Guys there is a special tool that will splice the wires, it removes the plastic no problem, the tool is very professional and its a sinch! When i go to work tomorrow i will look at the name of the tool and tell u guys, but its a really cool took, very handy!
there are always T-taps. I have used them forever for any kind of wire taps i need to do. No cutting required, all u do is tighten the t-tap around the wire u need to tap into, and click it shut, once that is done it automatically taps the wire for you and an opening is there for your wire with a spade connector on the end to go right in!
Taps are bad.. They are somewhat unreliable.. Good for a stereo.. bad for an ECU mod.. Oh, and that "Section stripper" tool is EXPENSIVE.. I had one, got it from Fryes Electronics when I was in Texas.. it got stolen when my other car got broken into. I don't splice enough wires to make it worthwhile to get a new one of the tools.
Thats it! "Section Stripper", well thats not obviously the name of the tool but that is the best way i can describe it, and yes it is expensive but if you work at a shop and are installing AFC's, Boost Controllers, etc all day then it is VERY handy.
Originally posted by MalibuJack Oh, and that "Section stripper" tool is EXPENSIVE.. [/B]
They work awesome, but for the price...
Hell yeah.. my regular mechanical stripper (as opposed to the lap-dance kind) cost about $90, the one that is technically called a "Splice Joint Stripper" (I called up my tool guy and asked) said it was just over $200, and he recommended using a "Knuckle" wire stripper and then a pocket knife to cut the insulation away between the two insulation scores.. But that is already the way I did it..

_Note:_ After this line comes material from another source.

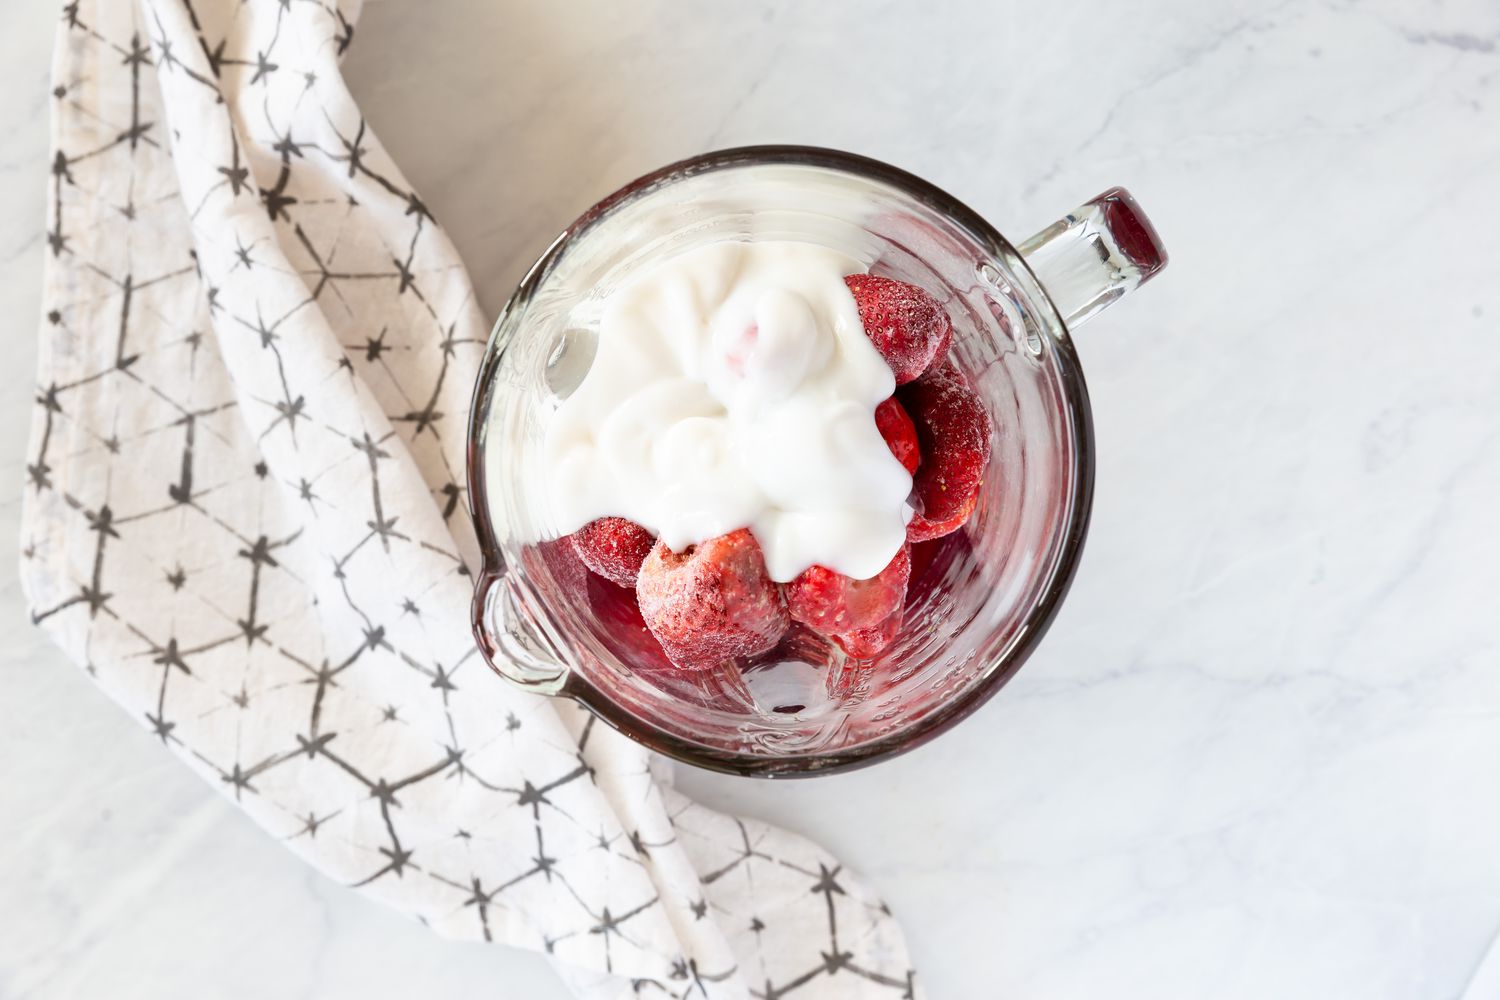 Strawberry smoothie ingredients in a blender

FWIW, try to use a soldering iron of at least 25 watts.. I use a 15watt pencil iron, and it worked for the single wire joints, but anything with slightly heavier gauge, or multiple wires (In my case I had an AVCR and an SAFC that had a few connections in common) you need something that can transfer a bit more heat to get good even flow of the solder into the strands of wire in the entire joint.
FWIW, try to use a soldering iron of at least 25 watts.. I use a 15watt pencil iron, and it worked for the single wire joints, but anything with slightly heavier gauge, or multiple wires (In my case I had an AVCR and an SAFC that had a few connections in common) you need something that can transfer a bit more heat to get good even flow of the solder into the strands of wire in the entire joint.

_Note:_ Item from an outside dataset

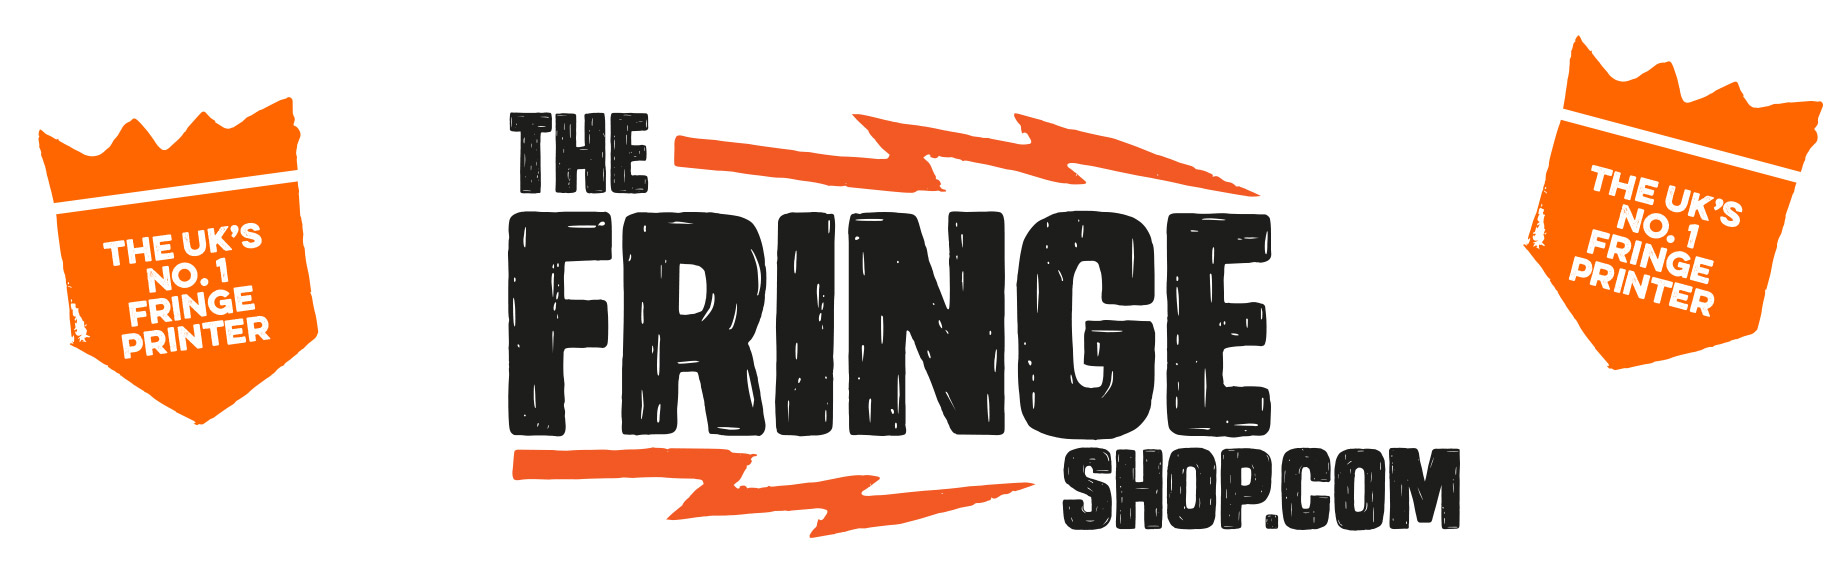 The Fringe Shop.com / Flyers / Posters / Stickers / Edinburgh Fringe Printing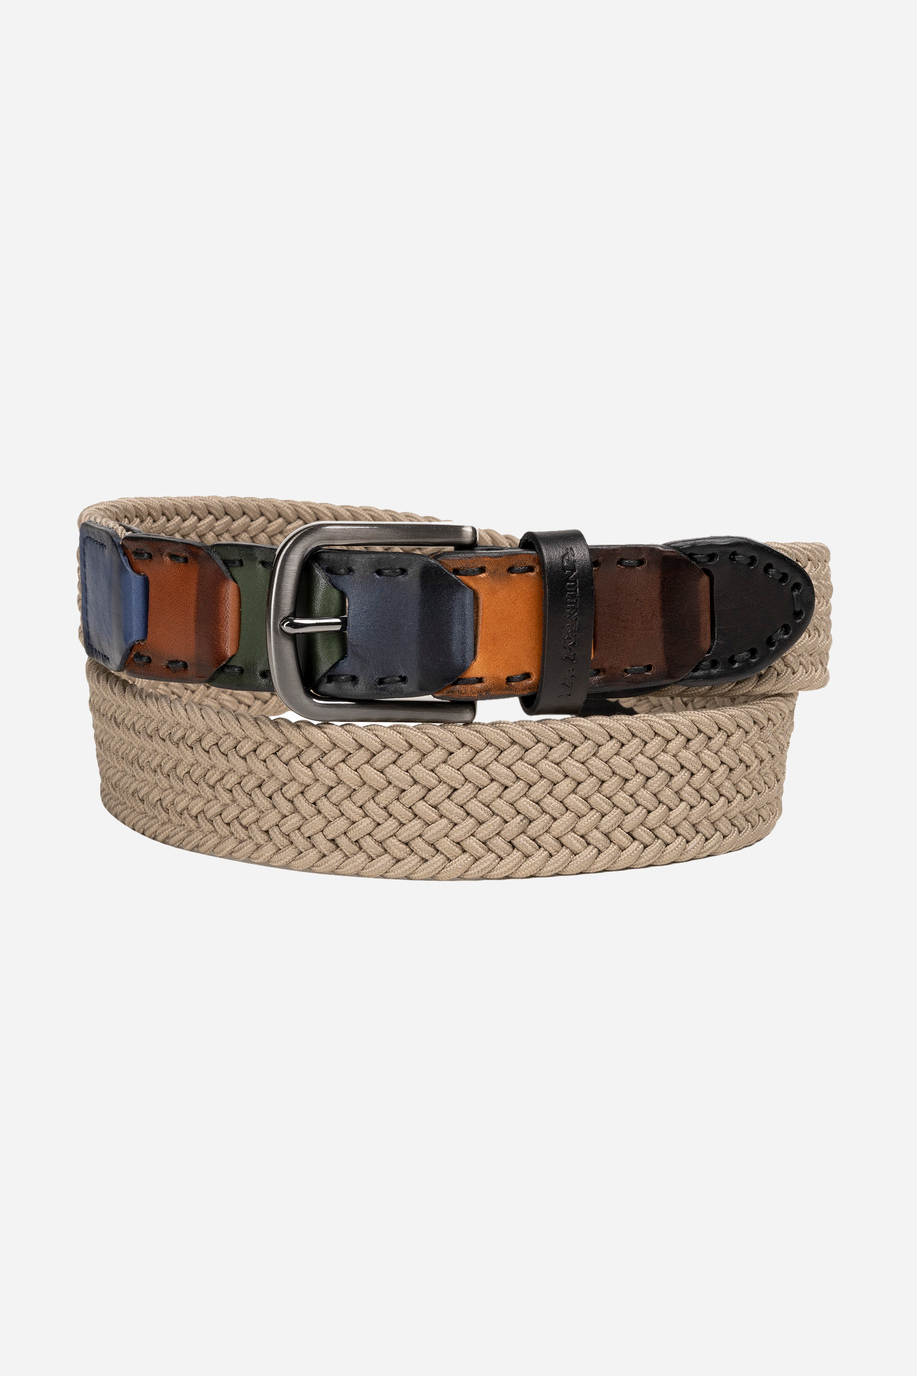 Men's belt in leather and fabric - Belts | La Martina - Official Online Shop

my stupid question is does anyone have the ecu connector numbers and pin numbers in those connectors that You need to splice into,as I bought a safcII used and guess what,NO INSTRUCTIONS.I do know how to use it so that wont be a problem,just need to know what wires comming off the safcII need to go to what pins off the ecu.any help is very much appreicated.Thanks again.
PS.I did use the "SEARCH" and did not come up with any helpful info as to what pins at ecu connectors i need to splice into.
PS.I did use the "SEARCH" and did not come up with any helpful info as to what pins at ecu connectors i need to splice into.